→ **Data section**
----------------------------------------
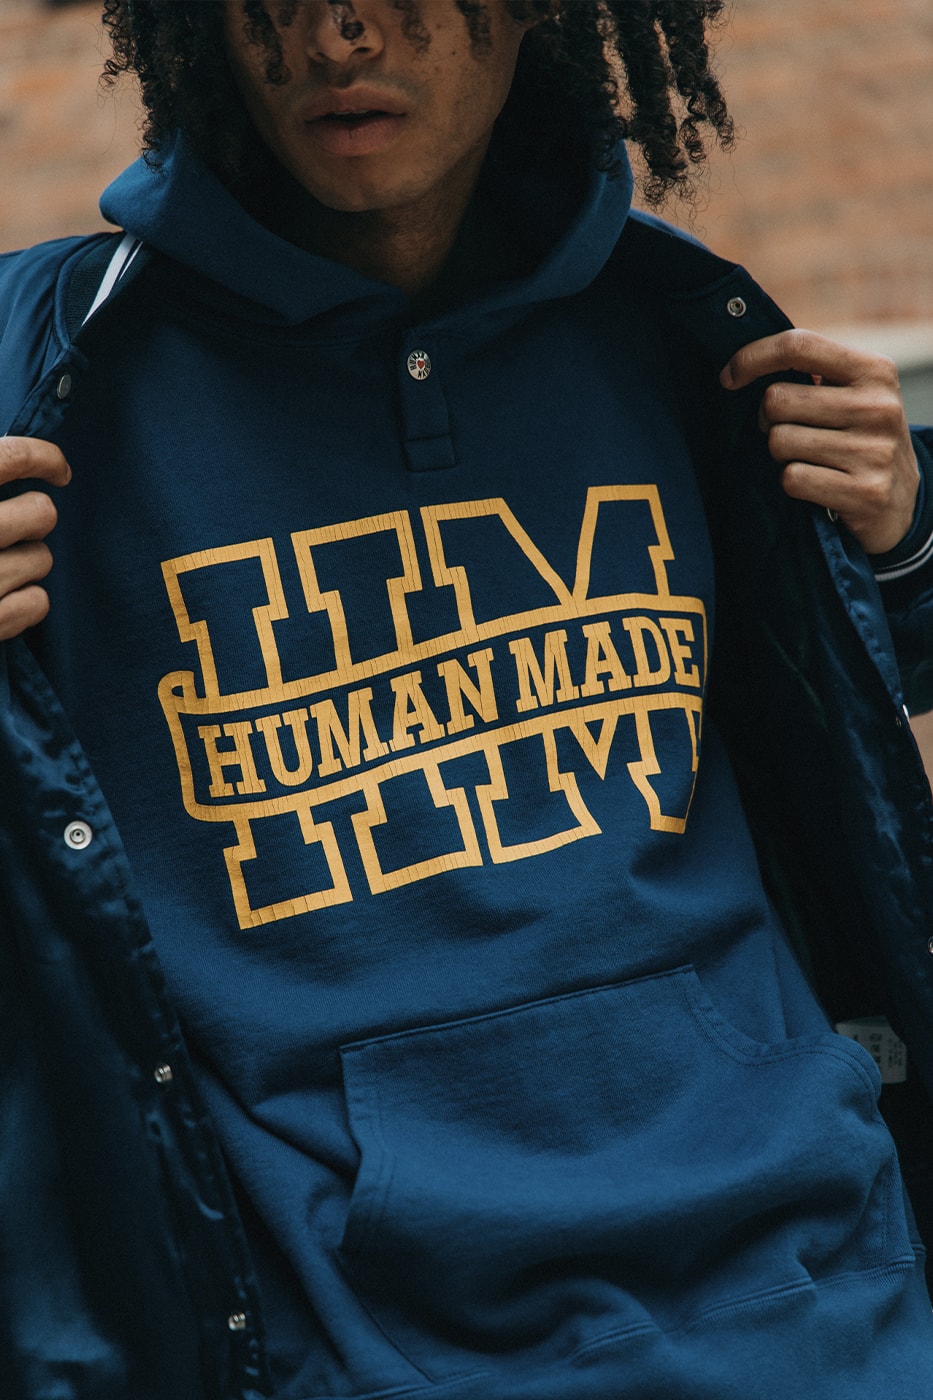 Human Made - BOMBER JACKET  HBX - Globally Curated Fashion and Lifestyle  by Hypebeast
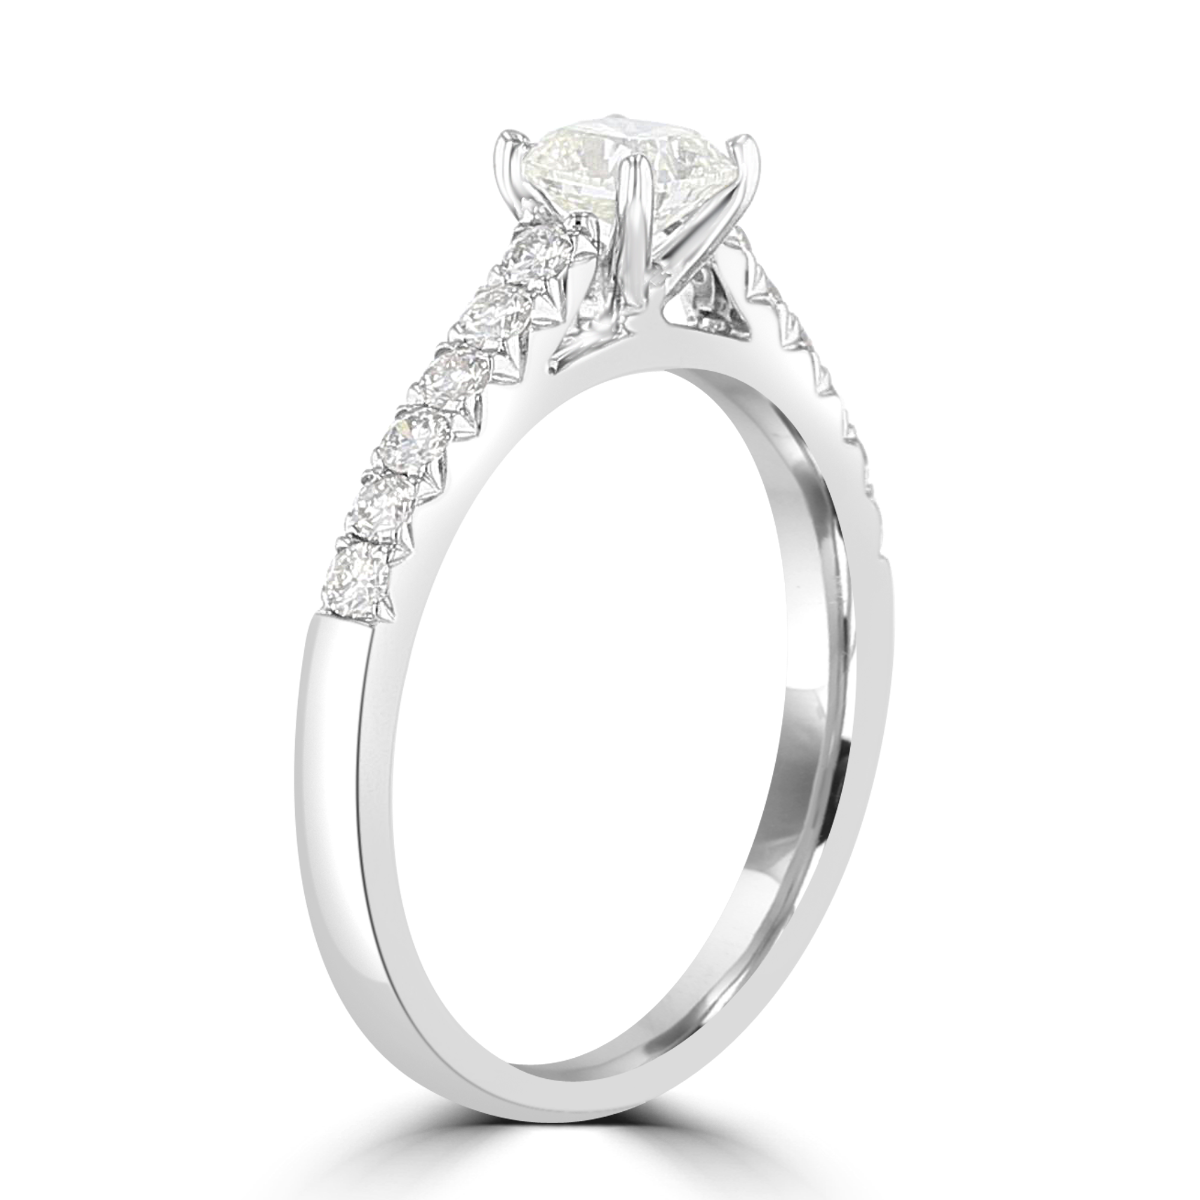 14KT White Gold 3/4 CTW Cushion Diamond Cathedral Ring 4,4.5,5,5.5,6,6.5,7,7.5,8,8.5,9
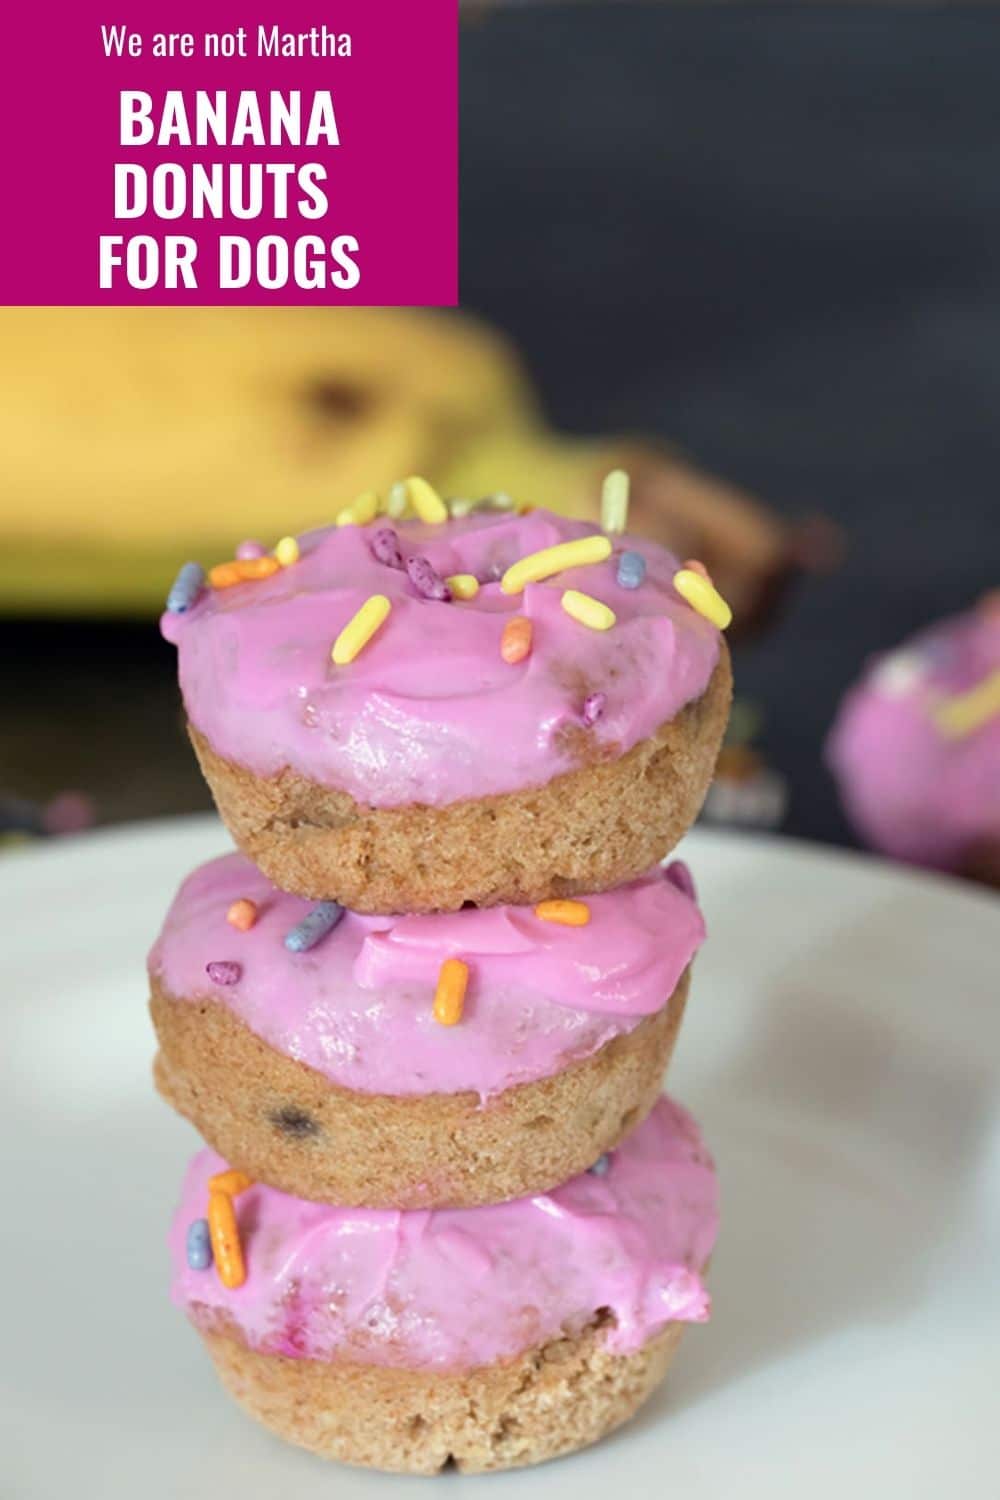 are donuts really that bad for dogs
----------------------------------------
→ **Exercise**
Please print all the lines above exactly as given and leave out every picture.

→ **Task answer**
 Human Made - BOMBER JACKET  HBX - Globally Curated Fashion and Lifestyle  by Hypebeast
 14KT White Gold 3/4 CTW Cushion Diamond Cathedral Ring 4,4.5,5,5.5,6,6.5,7,7.5,8,8.5,9
 are donuts really that bad for dogs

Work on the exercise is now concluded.